Gaussian blur is the correct default for consumer-facing marketplaces. The blur radius should be calibrated so that the plate text is not recoverable with standard image sharpening tools. A radius that makes the text unreadable to the naked eye is not sufficient - a motivated actor can apply deconvolution filters to partially recover low-radius blurs. A radius of 20+ pixels on a 1080p image is the practical safe minimum.








| Stack | Infra /mo | AI team | Total cost | Revenue | Margin |
|---|---|---|---|---|---|
Runflow pay-per-use · no commitment | $500 | $0 | $500 | $1.5K | 67% |
Cloud API + manual QA similar pricing · no auto-QA · part-time engineer needed | $500 | ~$5K | $5.5K | $1.5K | loss |
Self-hosted GPU raw compute · full-time AI engineer required | $400 | $12K | $12K | $1.5K | loss |
Runflow Sentinel — built-in quality control layer that automatically detects and discards failed or low-quality outputs before delivery. You only pay for images that pass QA. No engineer needed to babysit the pipeline.

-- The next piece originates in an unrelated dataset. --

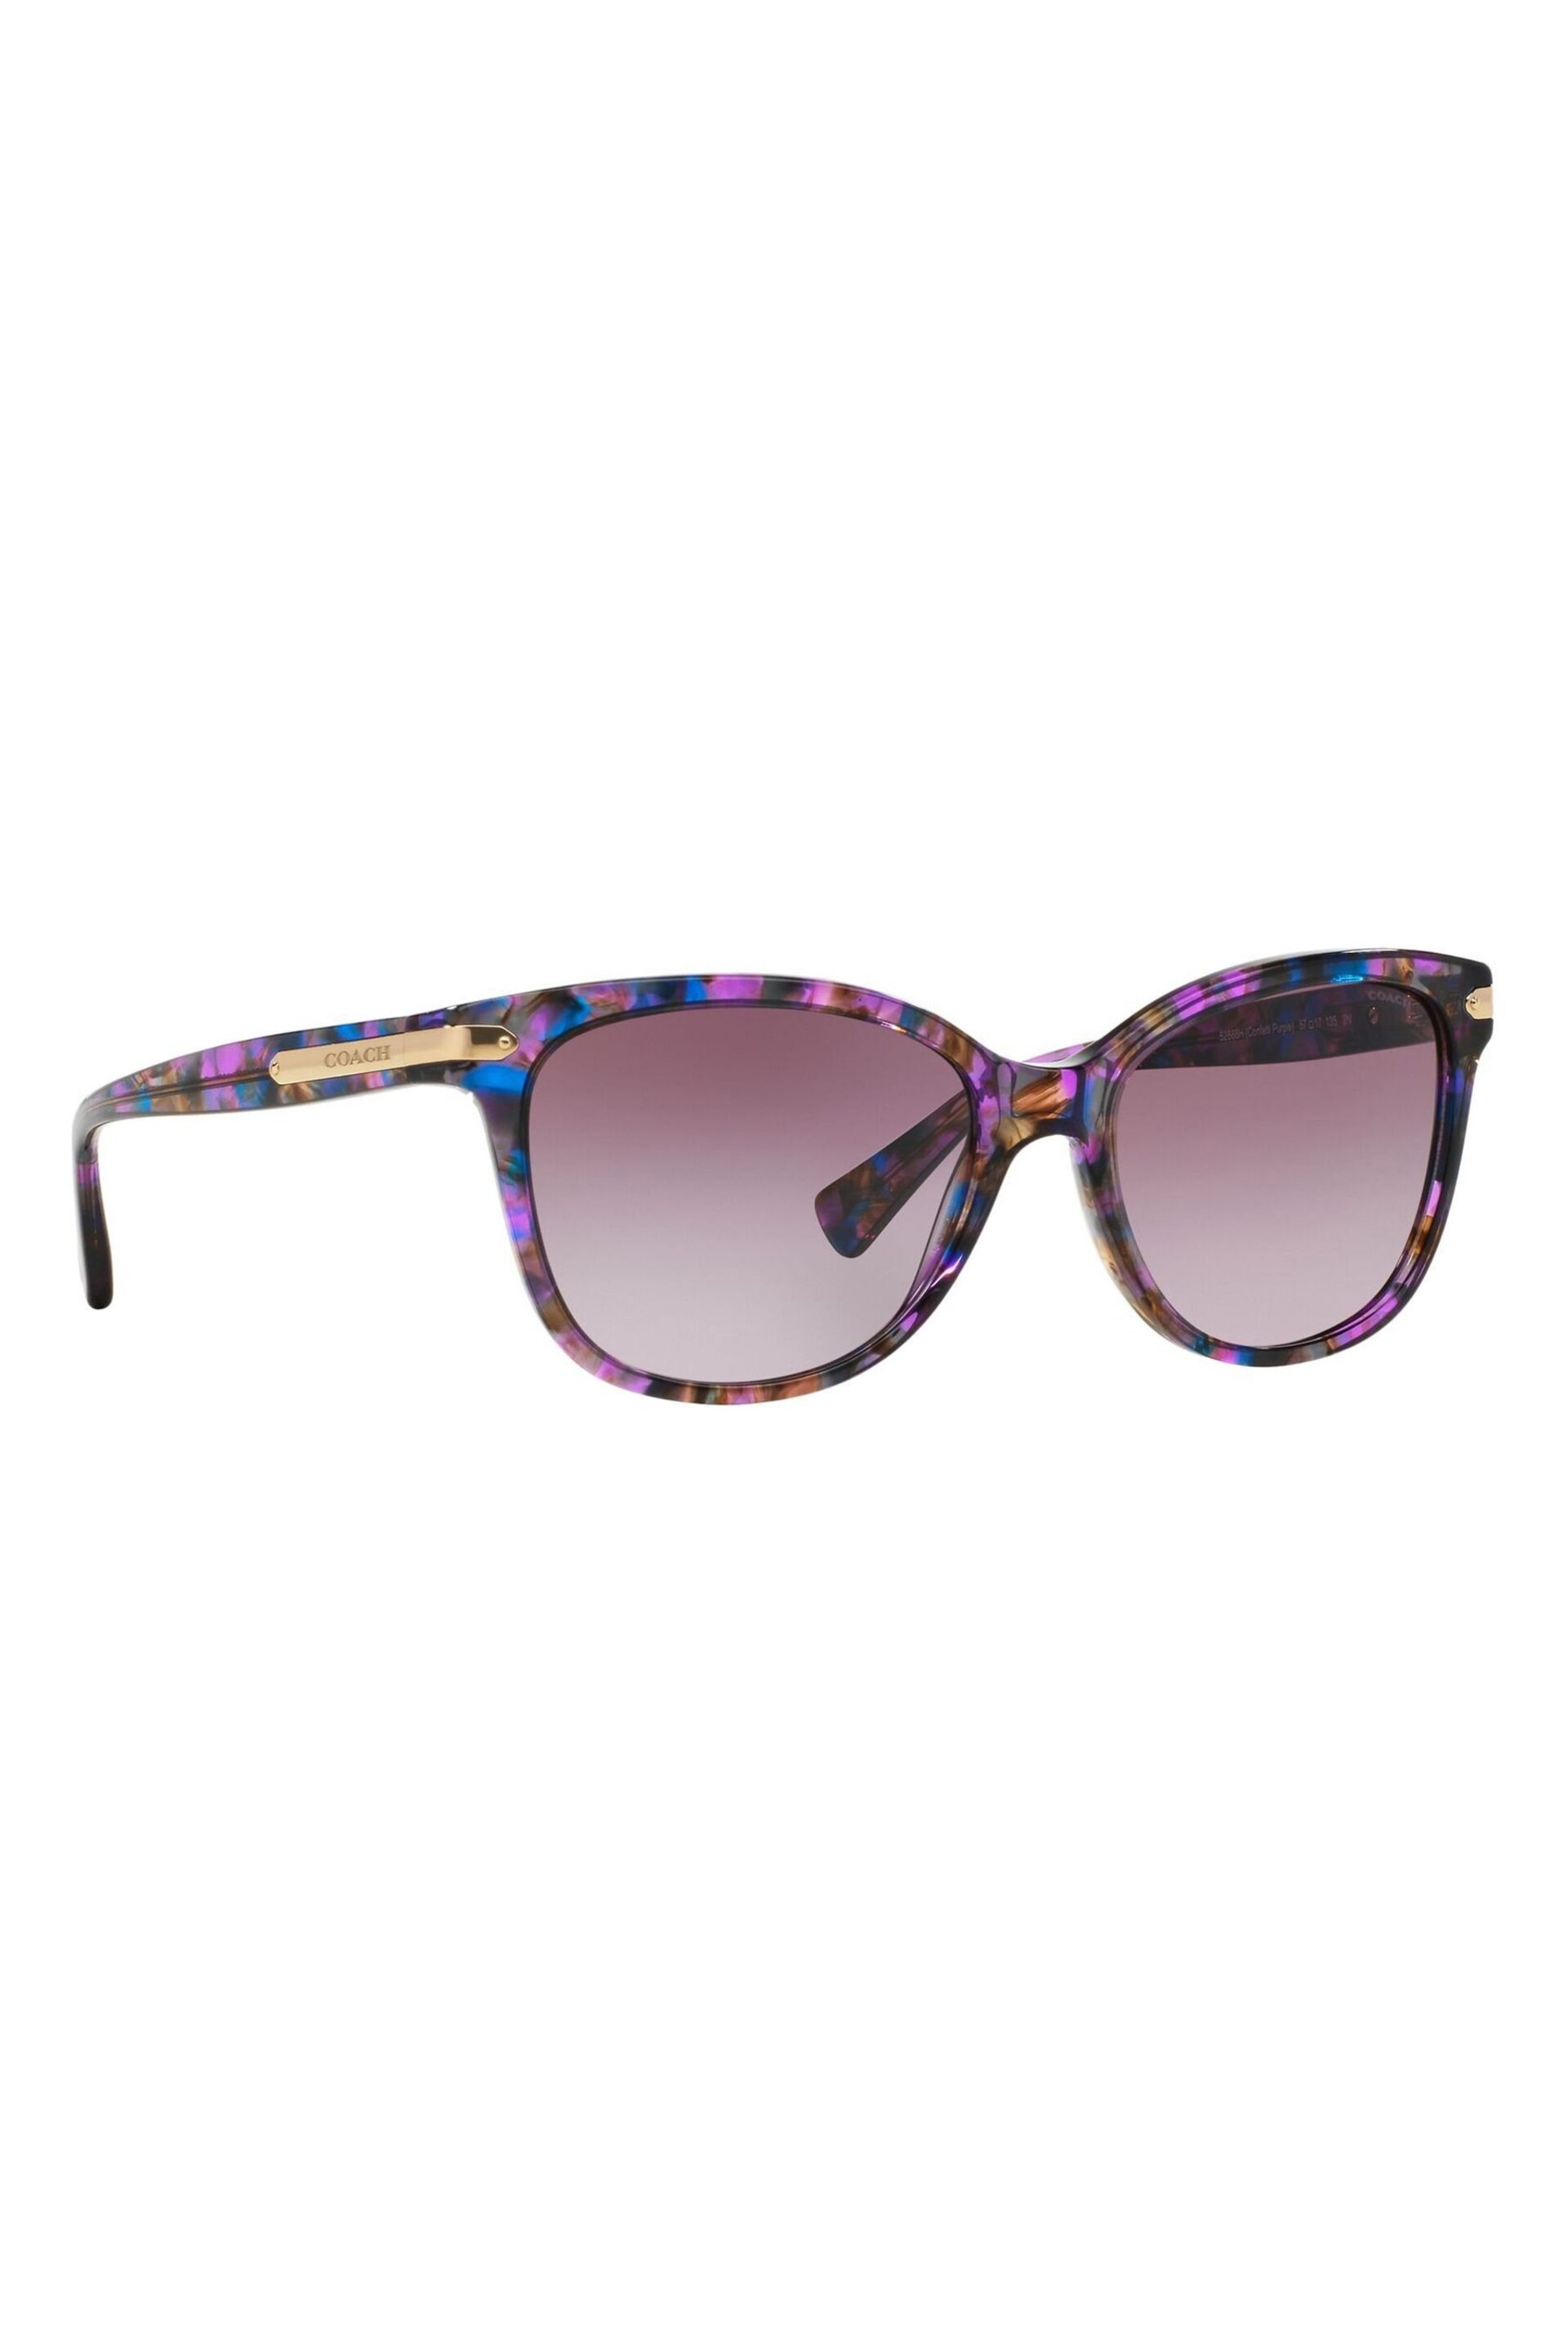 COACH Purple Sunglasses - Image 1 of 12
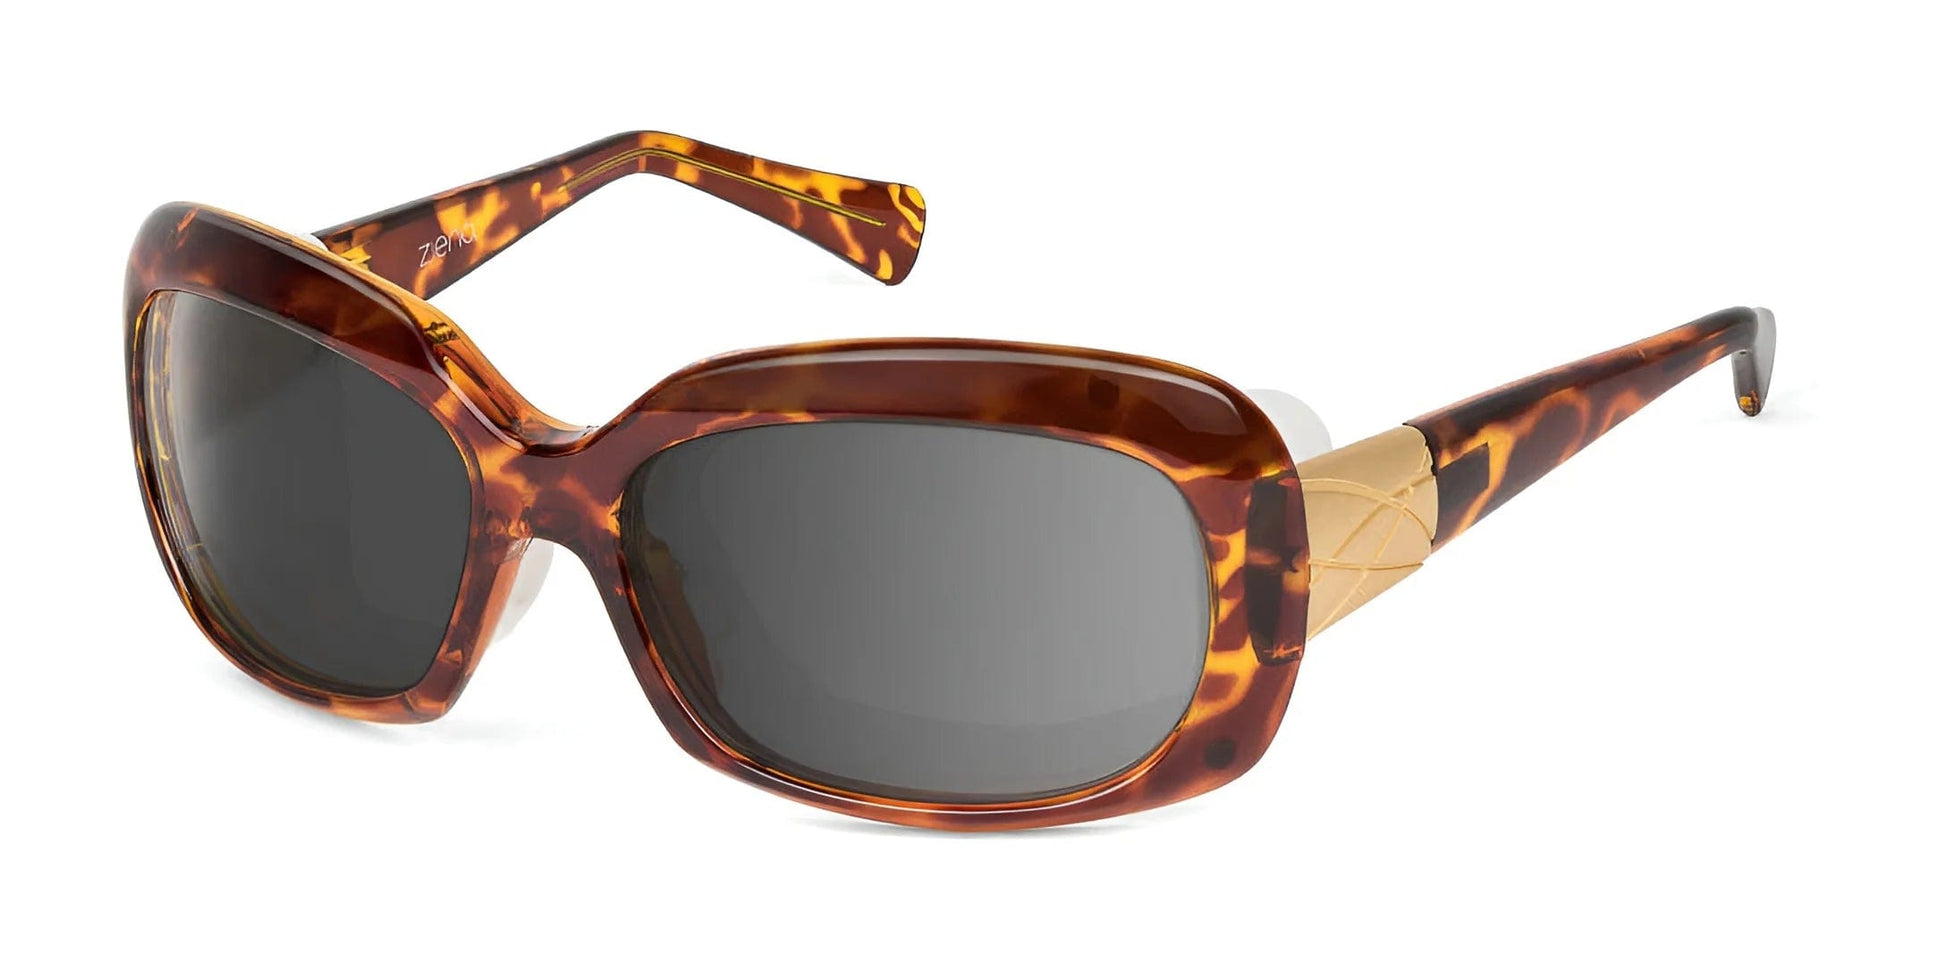 Ziena Oasis Sunglasses Tortoise / DARKshift™ Photochromic - Clr to DARK Gray / Frost

Pricing based on Runflow published rates (June 2026) with automatic volume discounts. Revenue column is illustrative — actual client pricing varies by vertical and contract size. GPU self-hosted estimate uses $0.04/img raw compute cost.
Storing the original: audit trail and retention policy
Deleting the original photo immediately after redaction is the simplest approach but creates operational problems. If the redaction model makes an error - either missing a plate or over-redacting a non-plate region - you have no way to reprocess the image. A better architecture stores the original in a private bucket with access restricted to system accounts only, no public URLs, and a documented retention period.
A 90-day retention period for originals covers the window during which listing disputes and model reprocessing needs are most likely to arise. After 90 days, the original is automatically deleted by a lifecycle policy on the storage bucket. Your data processing record should document this policy: personal data (the plate) is processed for the purpose of redaction, stored temporarily for quality assurance, and deleted on a fixed schedule. This documentation is what a regulator will ask for if there is ever an audit.